Uno studio condotto dai ricercatori del Medical Research Council (MRC) ha identificato varianti genetiche in due geni che hanno alcuni dei maggiori impatti sul rischio di obesità scoperti fino ad oggi. La scoperta di varianti rare nei geni BSN e APBA1 sono alcuni dei primi geni correlati all’obesità identificati per i quali l’aumento del rischio di obesità non viene osservato fino all’età adulta.
Il ruolo delle varianti genetiche nell’obesità
Lo studio, pubblicato su Nature Genetics , è stato condotto da ricercatori dell’MRC Epidemiology Unit e dell’MRC Metabolic Diseases Unit presso l’Institute of Metabolic Science, entrambi con sede presso l’Università di Cambridge.
I ricercatori hanno utilizzato la UK Biobank e altri dati per eseguire il sequenziamento dell’intero esoma dell’indice di massa corporea (BMI) in oltre 500.000 individui.
Hanno scoperto che le varianti genetiche nel gene BSN, noto anche come Fagotto, possono aumentare il rischio di obesità fino a sei volte ed erano anche associate ad un aumento del rischio di steatosi epatica non alcolica e di diabete di tipo 2.
È stato scoperto che le varianti del gene Fagotto colpiscono 1 adulto su 6.500, quindi potrebbero colpire circa 10.000 persone nel Regno Unito.
L’obesità è una delle principali preoccupazioni per la salute pubblica in quanto rappresenta un fattore di rischio significativo per altre malattie gravi, tra cui le malattie cardiovascolari e il diabete di tipo 2, ma le ragioni genetiche per cui alcune persone sono più inclini all’aumento di peso non sono completamente comprese.
Precedenti ricerche hanno identificato diverse varianti genetiche associate all’obesità che conferiscono grandi effetti fin dall’infanzia, agendo attraverso la via leptina-melanocortina nel cervello, che svolge un ruolo chiave nella regolazione dell’appetito.
Tuttavia, sebbene sia BSN che APBA1 codifichino proteine presenti nel cervello, non è attualmente noto che siano coinvolti nella via leptina-melanocortina. Inoltre, a differenza dei geni dell’obesità precedentemente identificati, le varianti in BSN e APBA1 non sono associate all’obesità infantile .
Ciò ha portato i ricercatori a credere di aver scoperto un nuovo meccanismo biologico per l’obesità, diverso da quelli che già conosciamo per le varianti genetiche dell’obesità precedentemente identificate.

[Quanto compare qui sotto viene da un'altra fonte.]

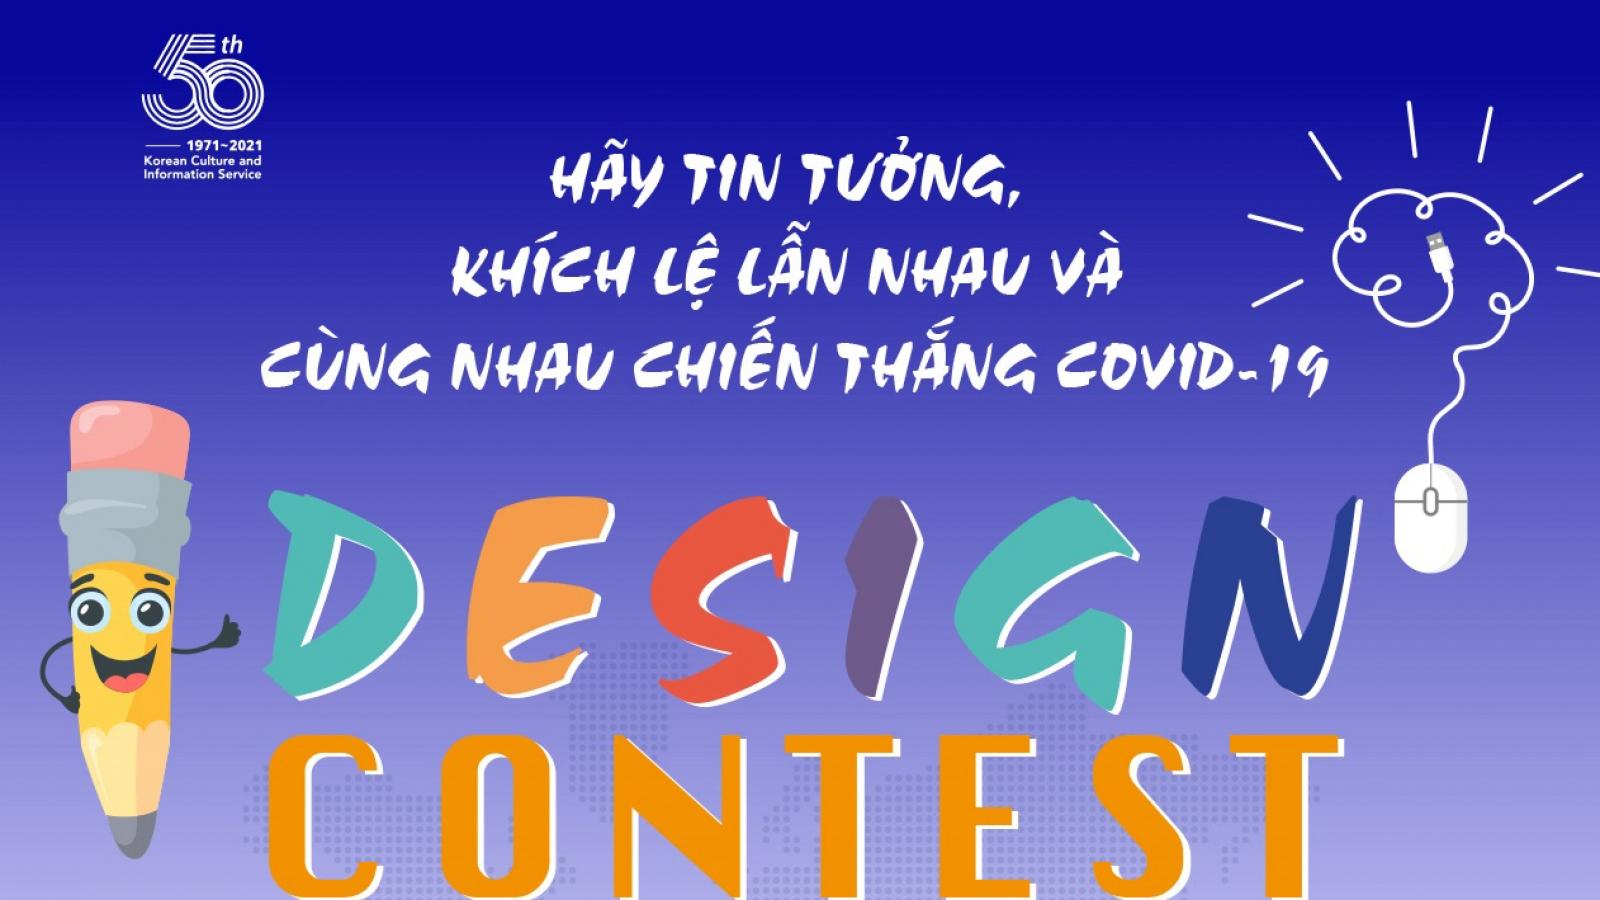 Korean Cultural Centre launches design contest on COVID-19 fight

Sulla base delle ricerche pubblicate e degli studi di laboratorio riportati in questo articolo, che indicano che BSN e APBA1 svolgono un ruolo nella trasmissione di segnali tra le cellule cerebrali , i ricercatori suggeriscono che la neurodegenerazione legata all’età potrebbe influenzare il controllo dell’appetito.
Il professor John Perry, autore dello studio e ricercatore MRC presso l’Università di Cambridge, ha dichiarato: “Questi risultati rappresentano un altro esempio del potere degli studi genetici su larga scala sulla popolazione umana di migliorare la nostra comprensione delle basi biologiche delle malattie. identificati nella BSN conferiscono alcuni dei maggiori effetti sull’obesità, sul diabete di tipo 2 e sulla malattia del fegato grasso osservati fino ad oggi e evidenziano un nuovo meccanismo biologico che regola il controllo dell’appetito”.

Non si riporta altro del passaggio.